§ **EXERCISE PROMPT**
With the pictures removed, write out the data below exactly.

§ **PROVIDED MATERIAL**
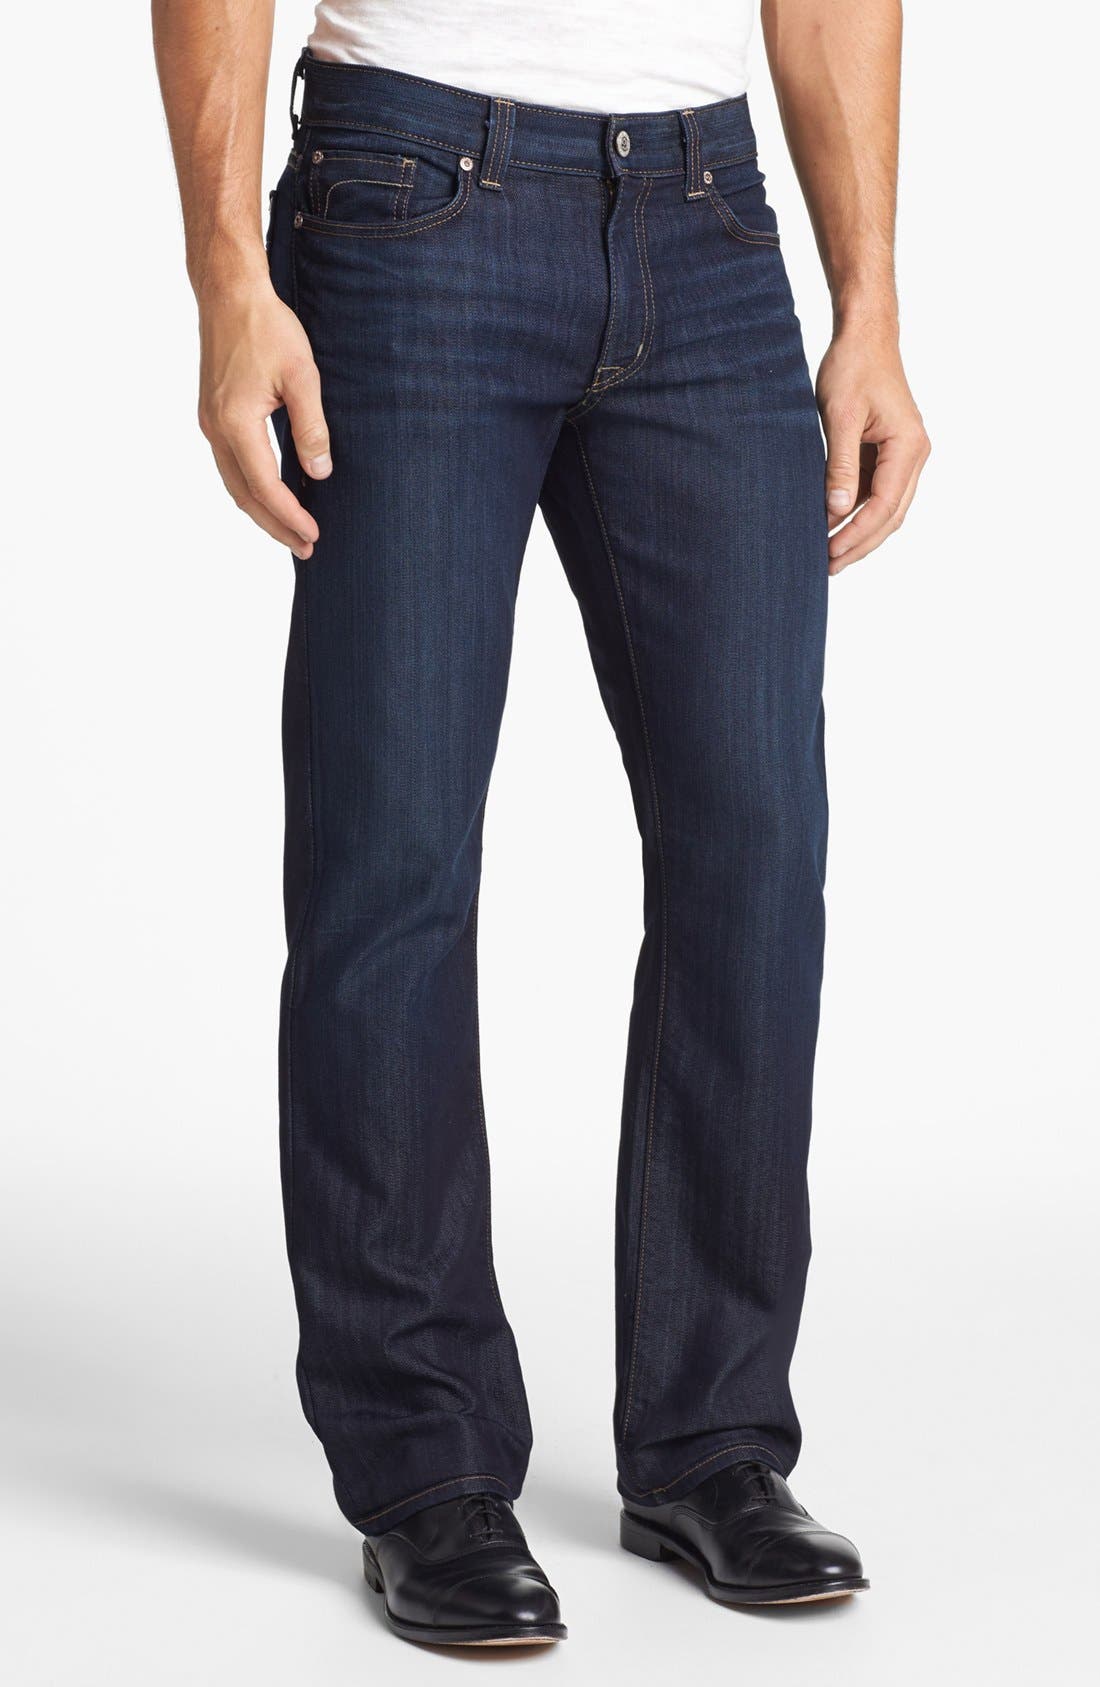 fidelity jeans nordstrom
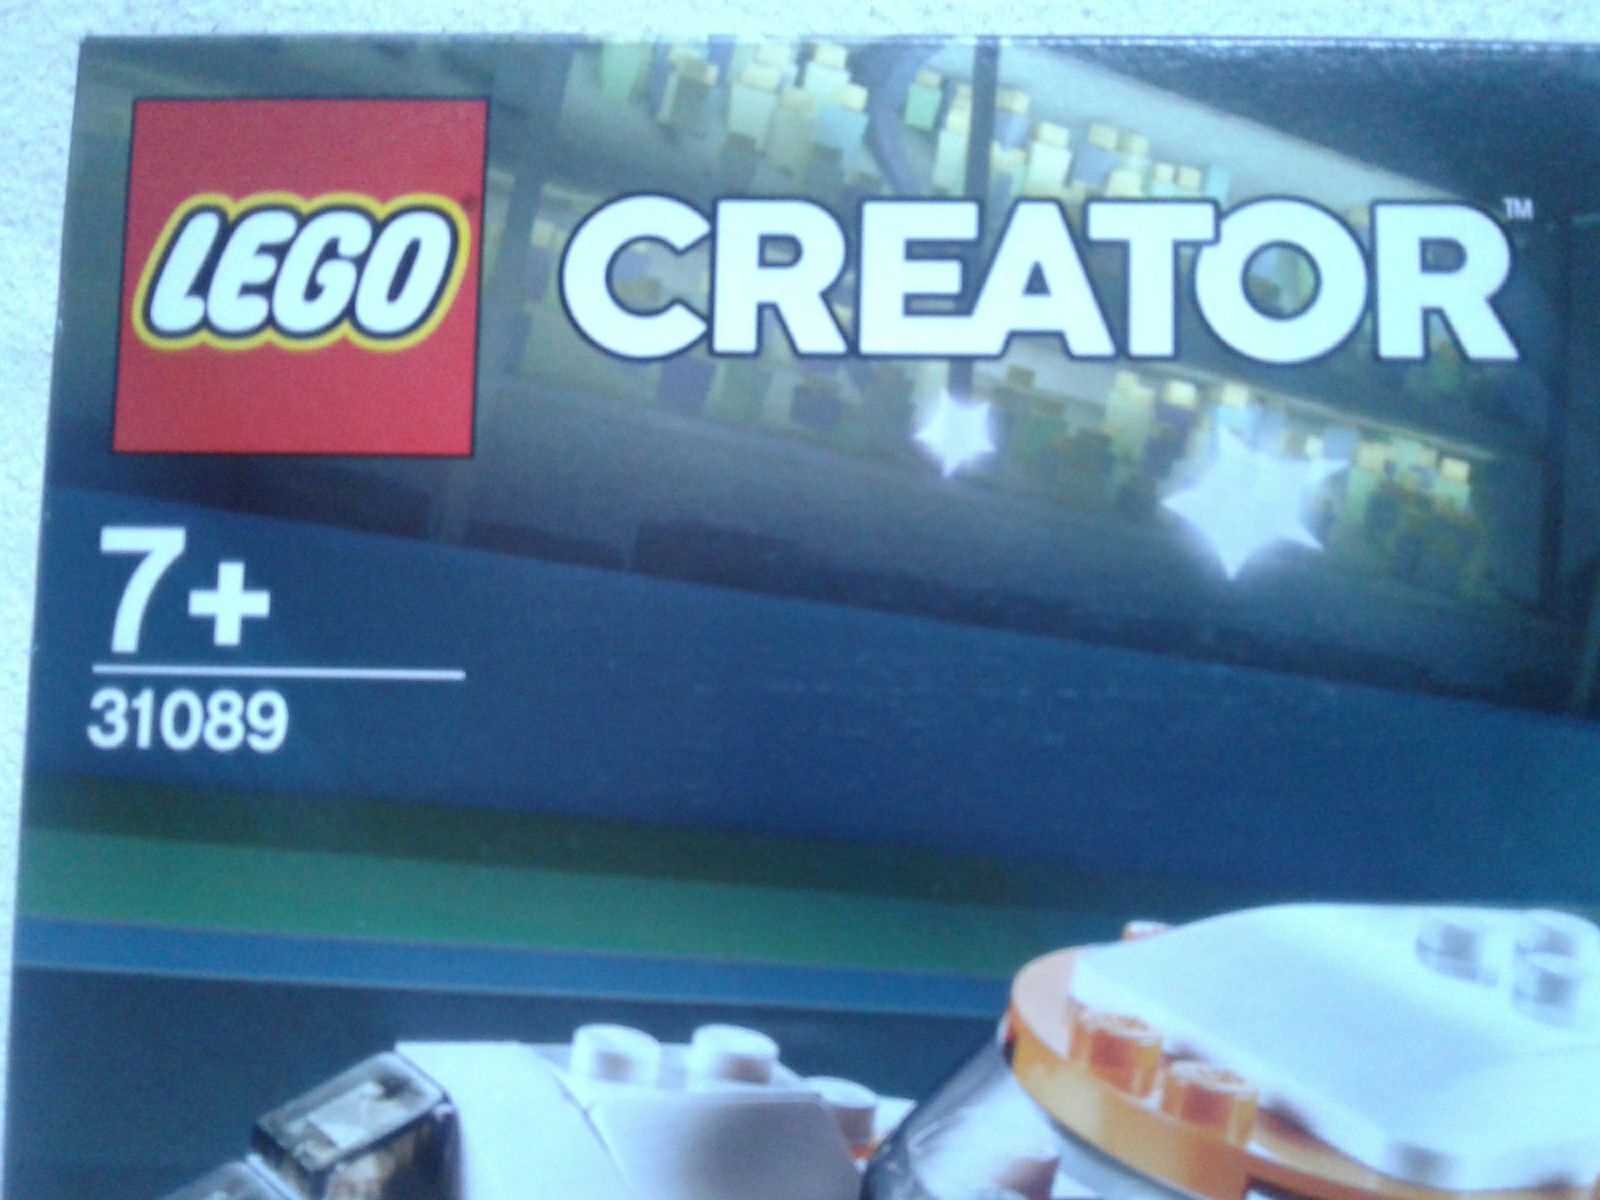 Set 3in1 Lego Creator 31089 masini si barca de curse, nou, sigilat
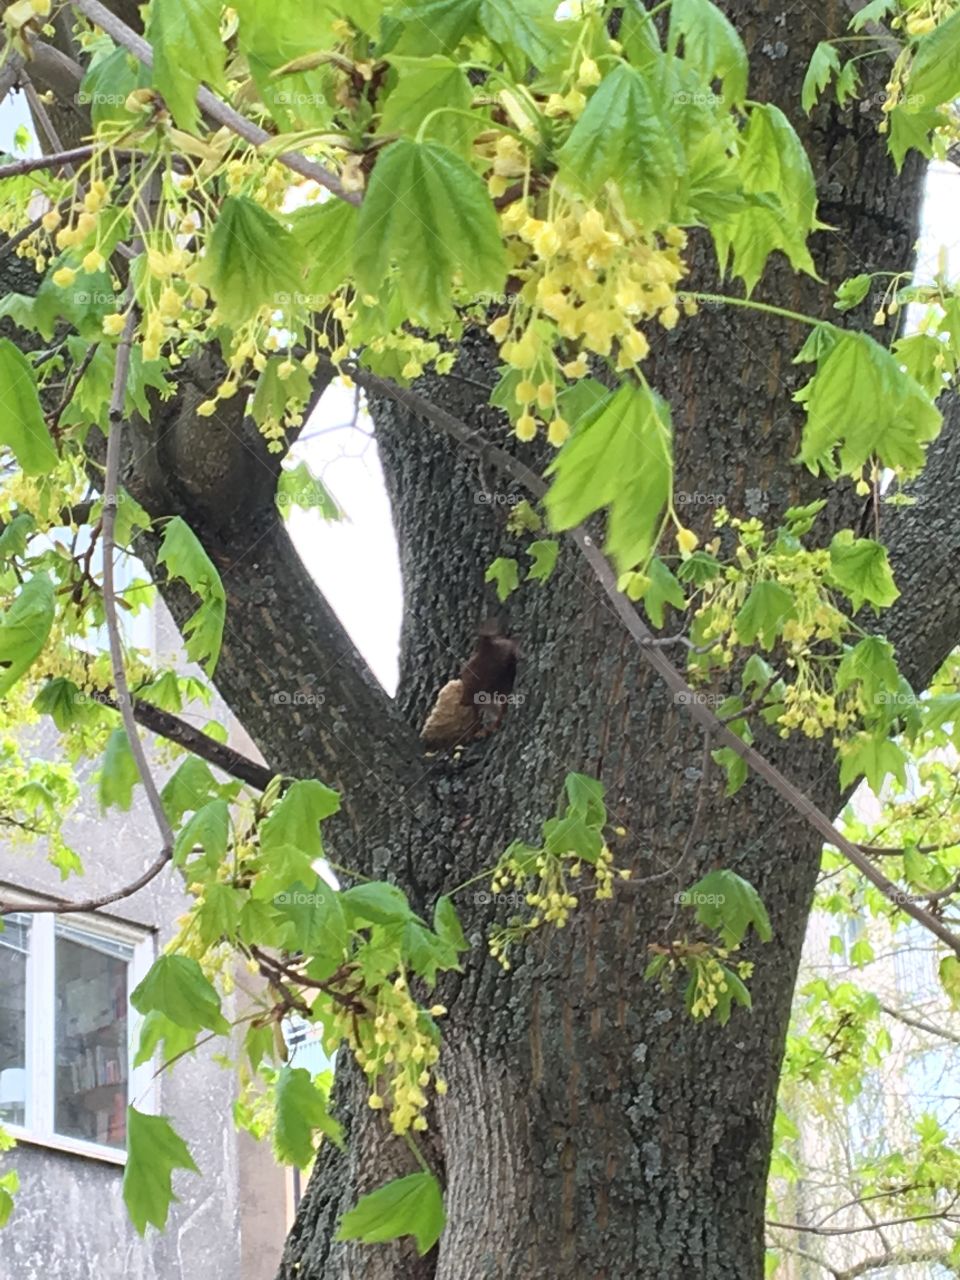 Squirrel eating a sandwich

§ **RESULT OF THE EXERCISE**
 fidelity jeans nordstrom
 Set 3in1 Lego Creator 31089 masini si barca de curse, nou, sigilat
 Squirrel eating a sandwich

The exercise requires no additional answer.